MATERIAL SHOWN:

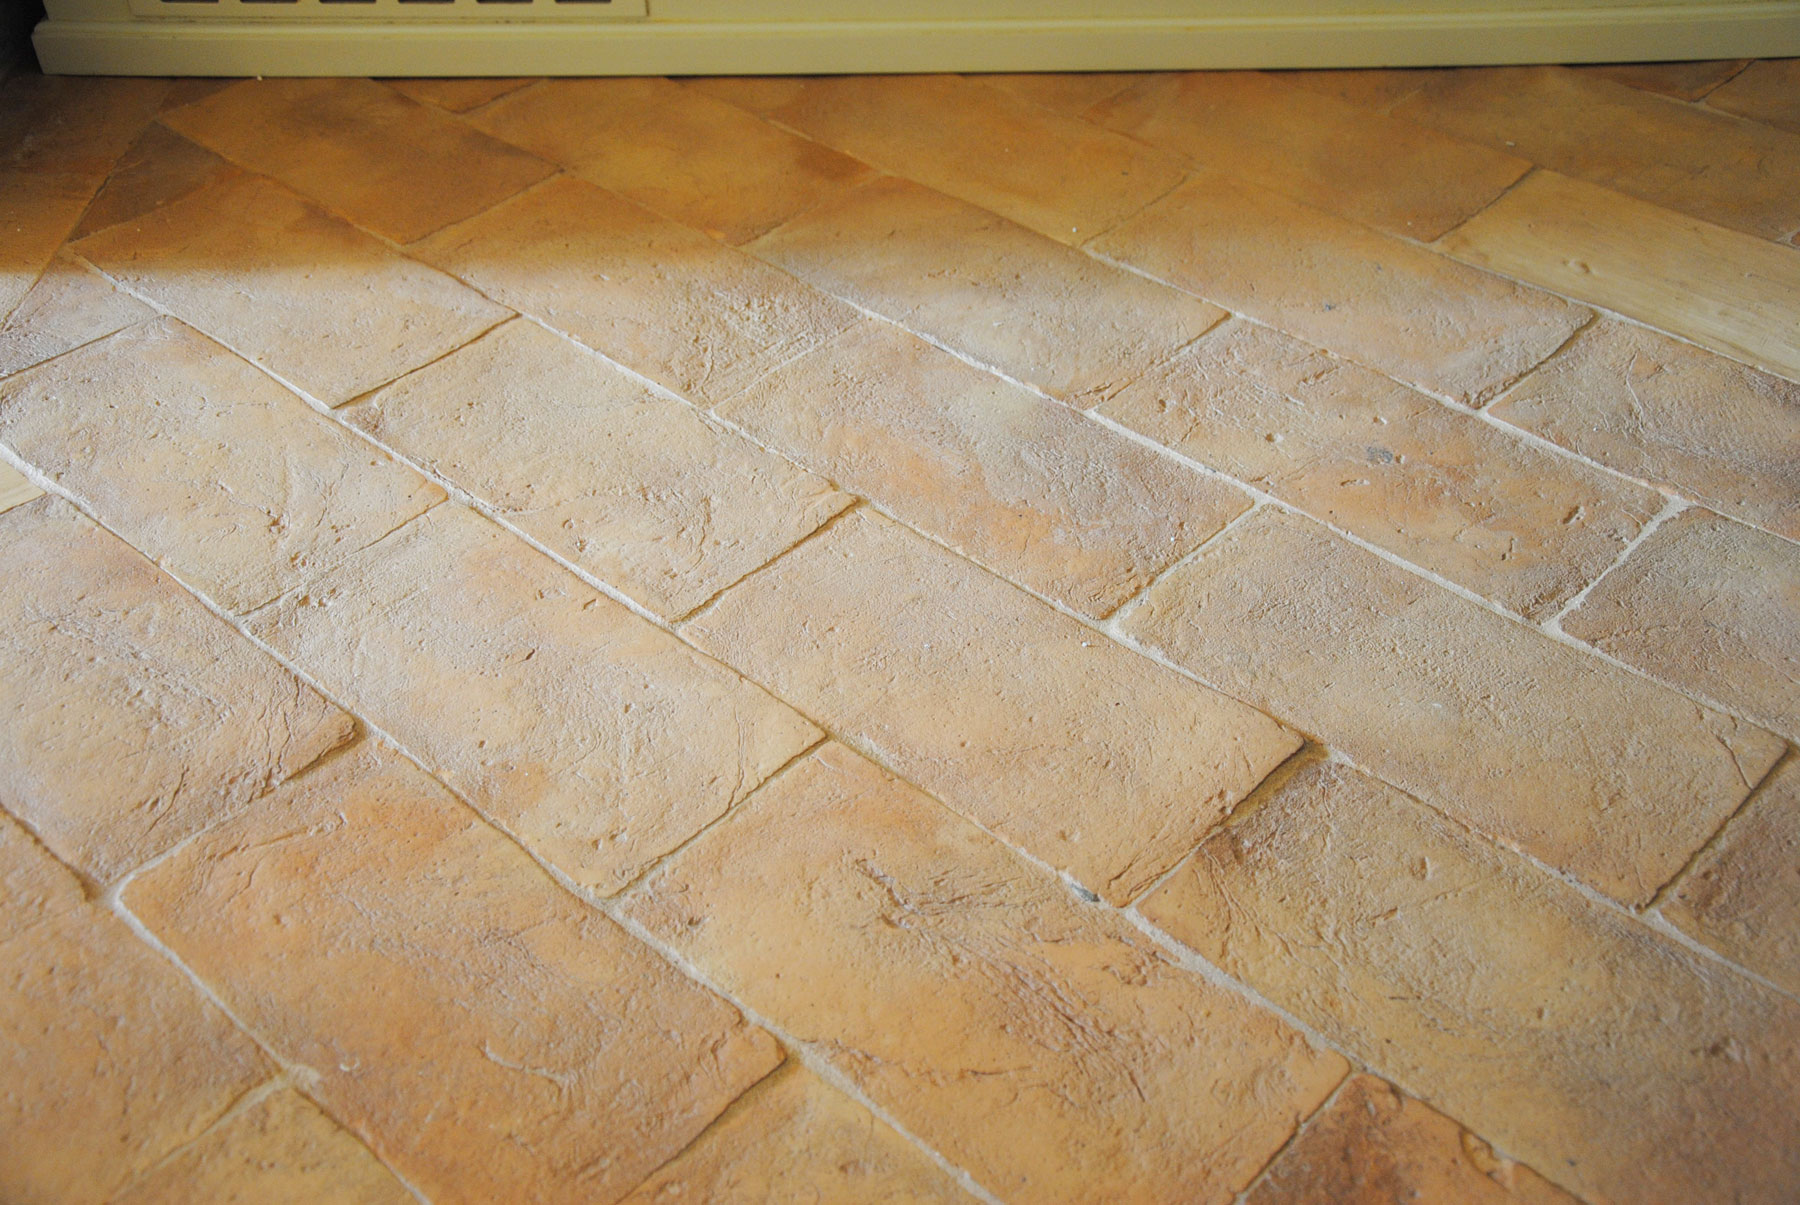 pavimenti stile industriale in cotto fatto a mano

...

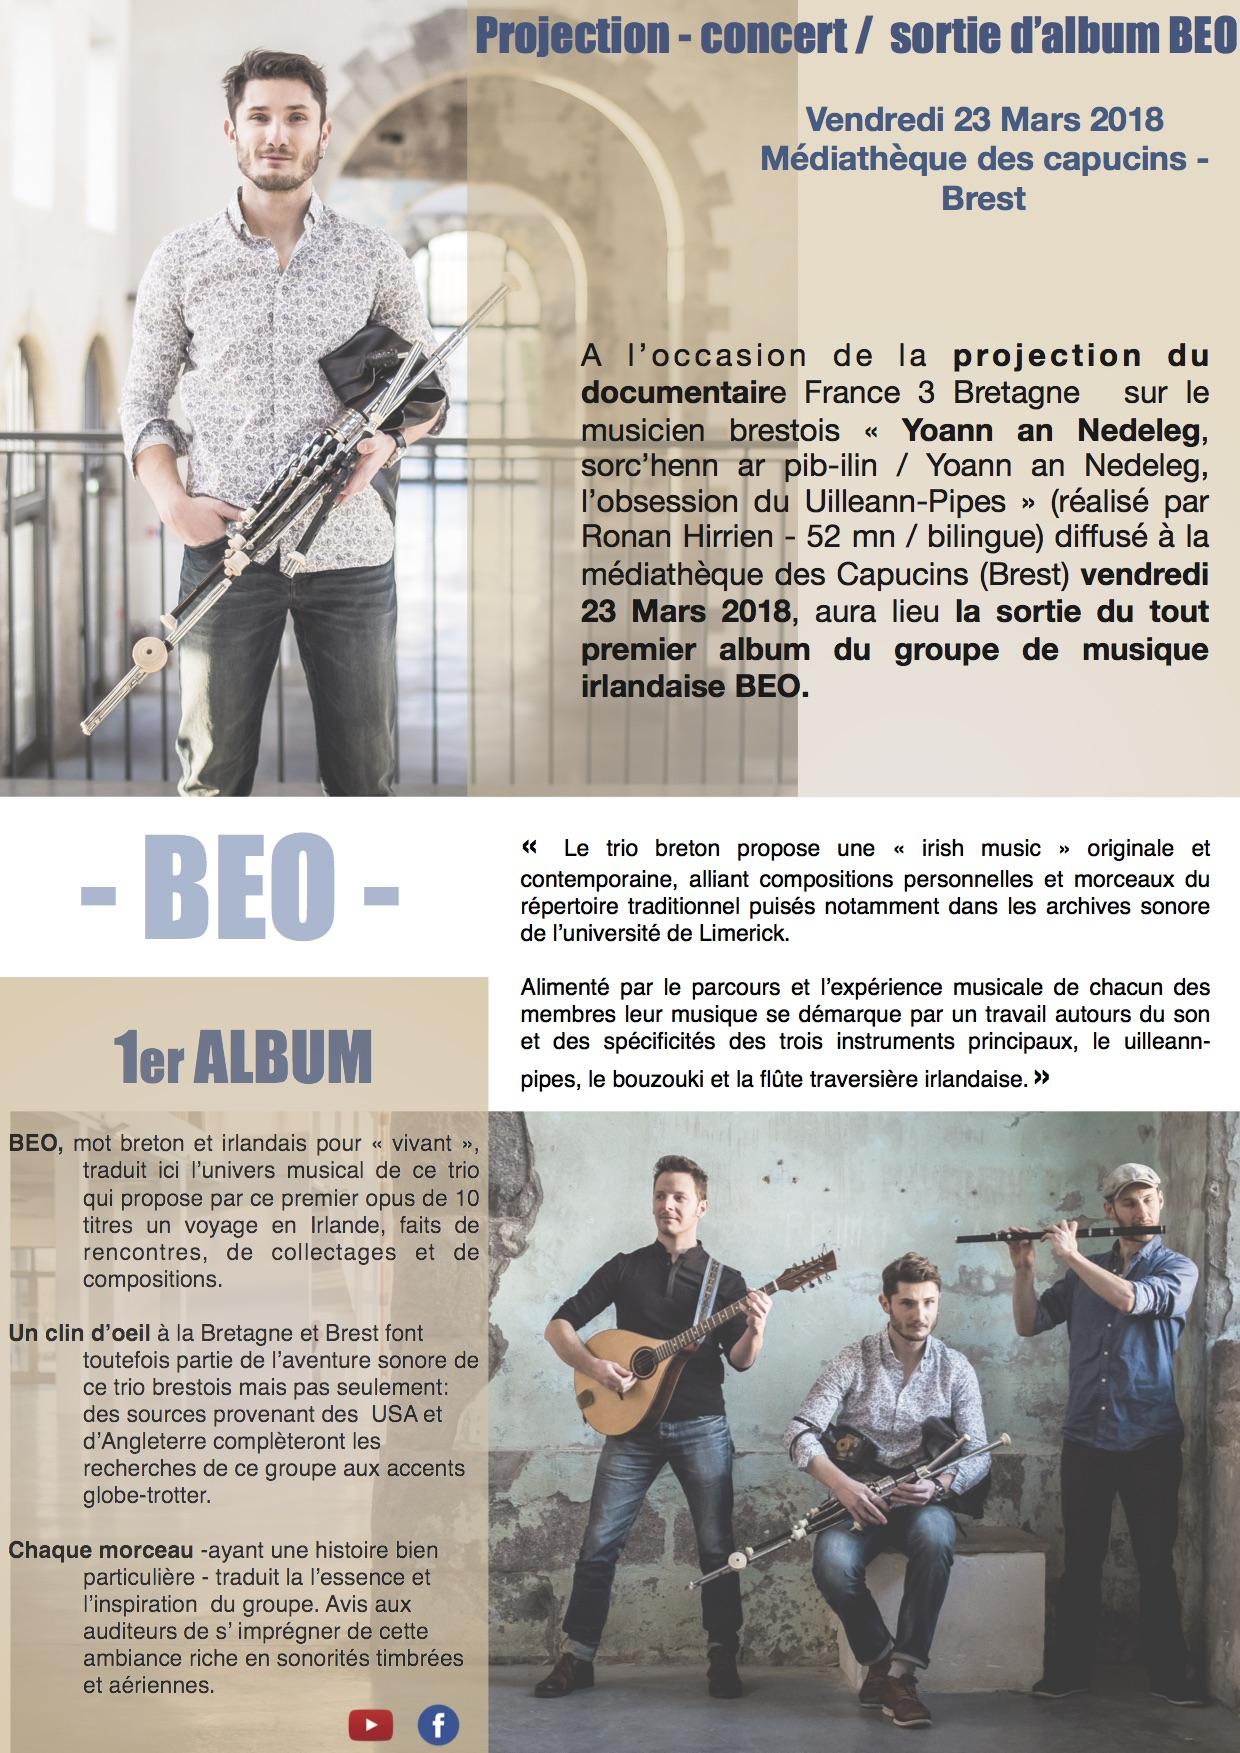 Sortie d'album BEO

==

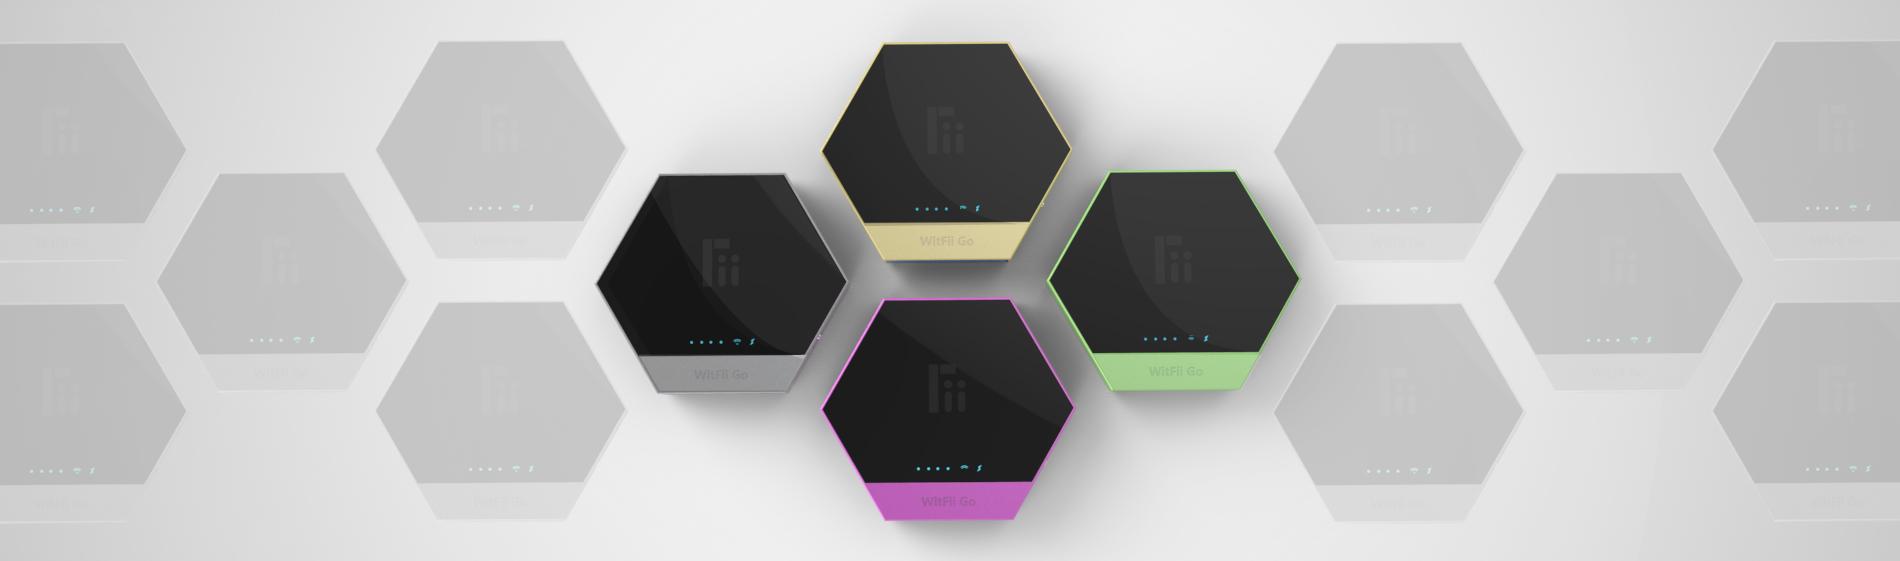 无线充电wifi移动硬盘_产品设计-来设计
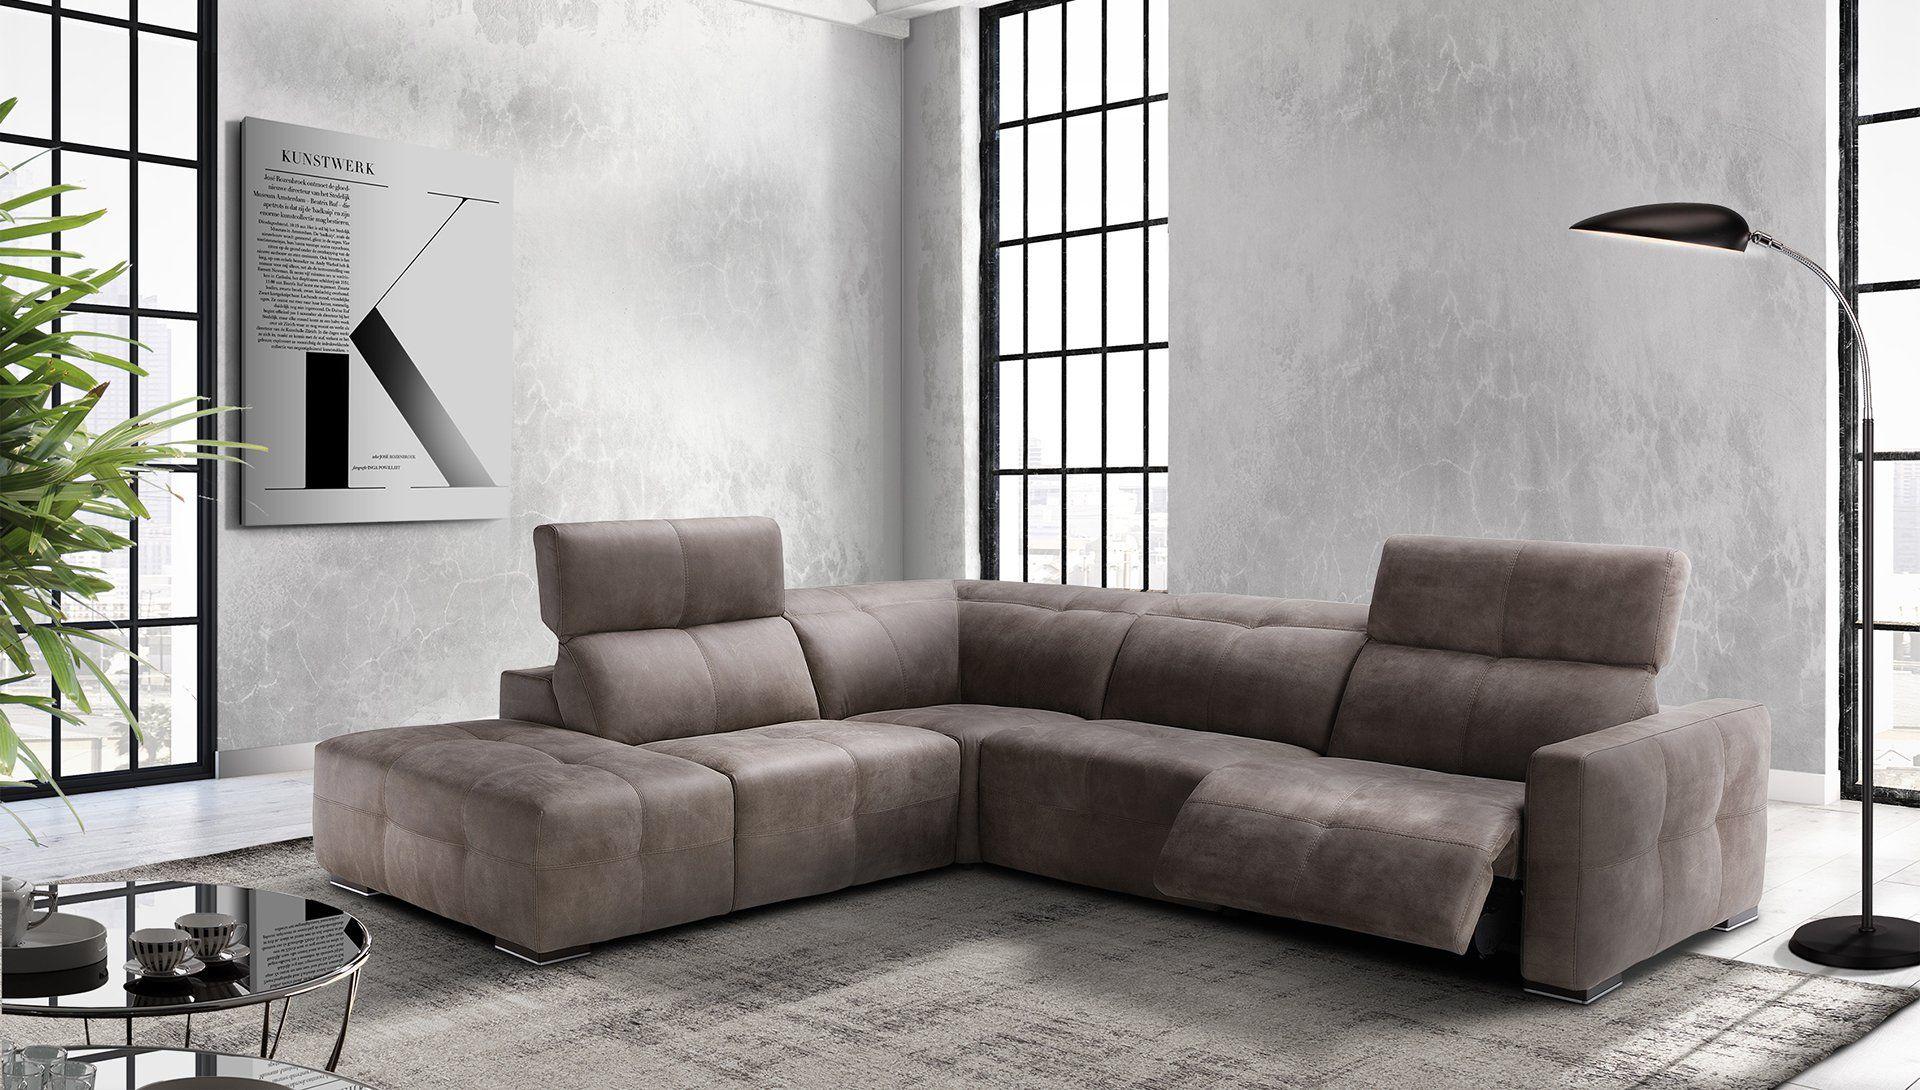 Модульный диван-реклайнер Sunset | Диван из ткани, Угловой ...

WORK TASK: Print, exactly, each line above from the one with "无线充电wifi移动硬盘_产品设计-来设计" to the one with "Модульный диван-реклайнер Sunset", end lines included. Leave pictures out of it.

TASK RESPONSE:
 无线充电wifi移动硬盘_产品设计-来设计
 Модульный диван-реклайнер Sunset | Диван из ткани, Угловой ...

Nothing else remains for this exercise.